Involvement of the paraventricular (PVN) and arcuate (ARC) nuclei of the hypothalamus in the central noradrenergic regulation of liver cytochrome P450
Graphical abstract
Introduction
Cytochrome P450 (CYP) is regulated by such endogenous hormones as the growth hormone, corticosterone, thyroid hormones or sex hormones via the growth hormone, which remain under control of the central nervous system [1]. The catecholaminergic systems of the brain have been shown to be engaged in the physiological regulation of cytochrome P450 in the liver [2], [3], [4], [5]. The hypothalamus, in particular the paraventricular nucleus (PVN) and the arcuate nucleus (ARC) which are involved in the regulation of pituitary hormone secretion, seem to play an important role in the central regulation of cytochrome P450.

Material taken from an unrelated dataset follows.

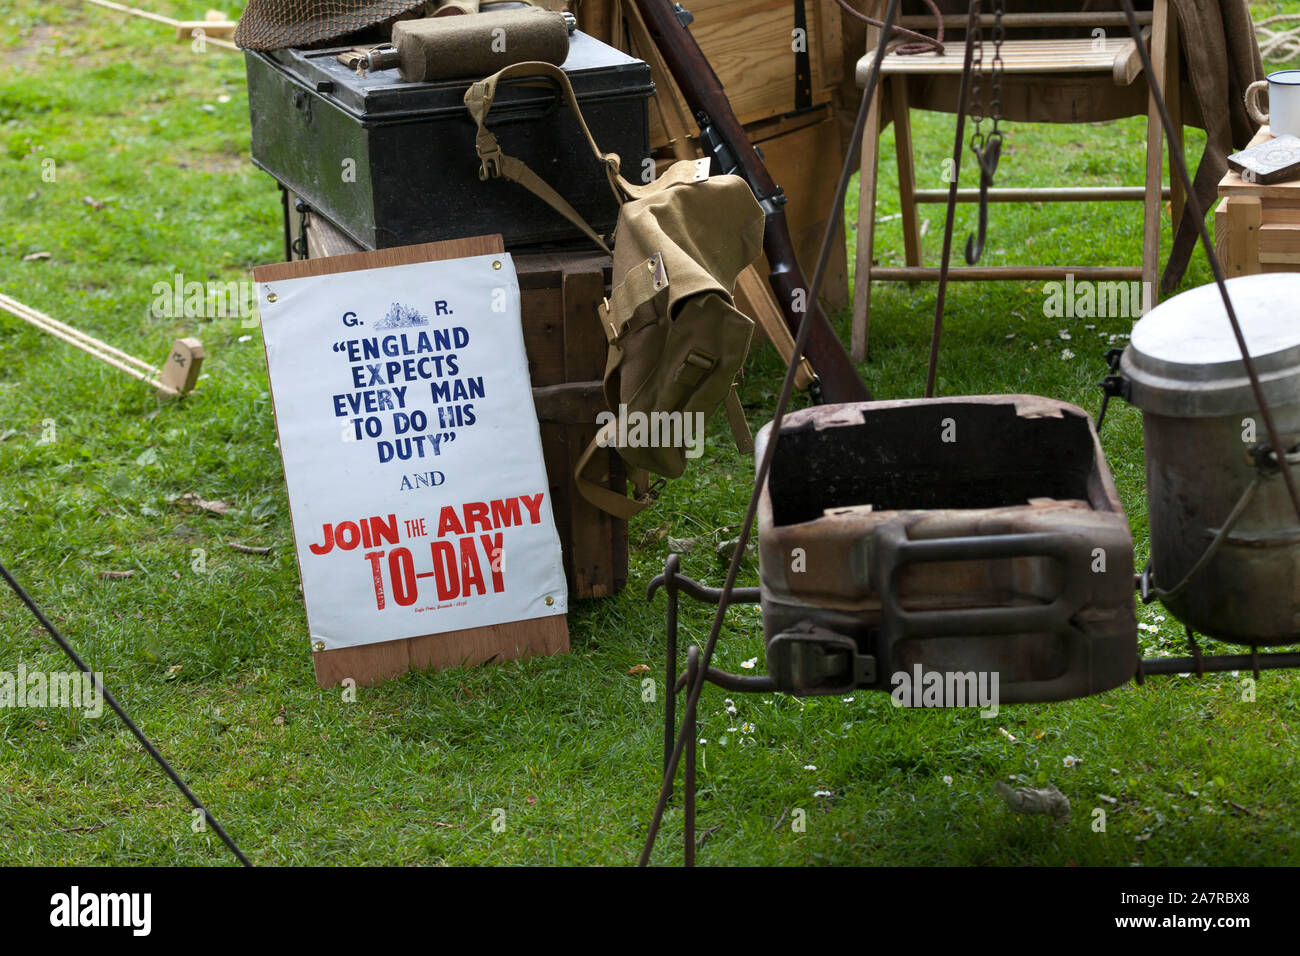 Segunda Guerra Mundial cartel que dice "Inglaterra espera que cada hombre para hacer su deber y unirse al ejército de hoy" Foto de stock

The PVN is an important integrative part of the hypothalamus. It receives inputs from other regions of the brain and its neurons play an essential role in neuroendocrine and autonomic regulation. Neurons from the PVN project to the posterior lobe of the pituitary gland, the median eminence and a variety of sites in the brain stem and spinal cord. The parvocellular PVN consists of neuroendocrine and preautonomic neurons [6]. The neuroendocrine neurons secrete the corticotropin-releasing hormone – CRH, the thyrotropin-releasing hormone – TRH or somatostatin – SRIH. Their axons project to the external layer of the median eminence where these hormones are released into small portal vessels, reaching the pituitary and affecting hormone secretion from its anterior lobe. This nucleus contributes to the HPA axis, thyroid axis, reproductive axis, as well as to the growth, development and regulation of body fluid balance, gastrointerstinal and cardiovascular functions [7].
The arcuate nucleus is also a part of the periventricular zone of the hypothalamus. The parvocellular ARC contains growth hormone-releasing hormone (GHRH) neurons, which project to the external zone of the median eminence where GHRH is released into the capillary system, thus reaching the pituitary where it stimulates the secretion of the growth hormone (GH). GHRH neurons receive input from dopaminergic, serotonergic, adrenergic and enkephalinergic neurons. The ARC communicates with different brain regions including the pituitary gland, limbic system, some thalamic nuclei, the midbrain periaqueductal gray, autonomic nuclei of the brainstem and the hypothalamus using at least 15 neurotransmitters and neuropeptides and different neuronal phenotypes. The ARC sends its signals to the PVN and other nuclei of the hypothalamus and is involved in energy metabolism [8]. The strongest neuronal input of the ARC is mainly from the PVN. An interaction between the ARC and PVN has been proven neuroanatomically [9], [10], [11].
The neuroendocrine mechanisms controlling GH secretion have been extensively reviewed [12], [13]. GH secretion is stimulated by GHRH and inhibited by somatostatin. Somatostatin cells are found mostly in the periventricular region of the anterior hypothalamus (in the periventricular subnucleus PeV within the PVN). Their axons project mainly to the median eminence, but also to GHRH neurons which provide an inhibitory mechanism. Somatostatin inhibits GHRH secretion, while GHRH stimulates the secretion of somatostatin in the hypothalamus [14], [15], [16], [17]. Somatostatin release is regulated by a variety of factors such as, e.g. neurotransmitters and neuropeptides.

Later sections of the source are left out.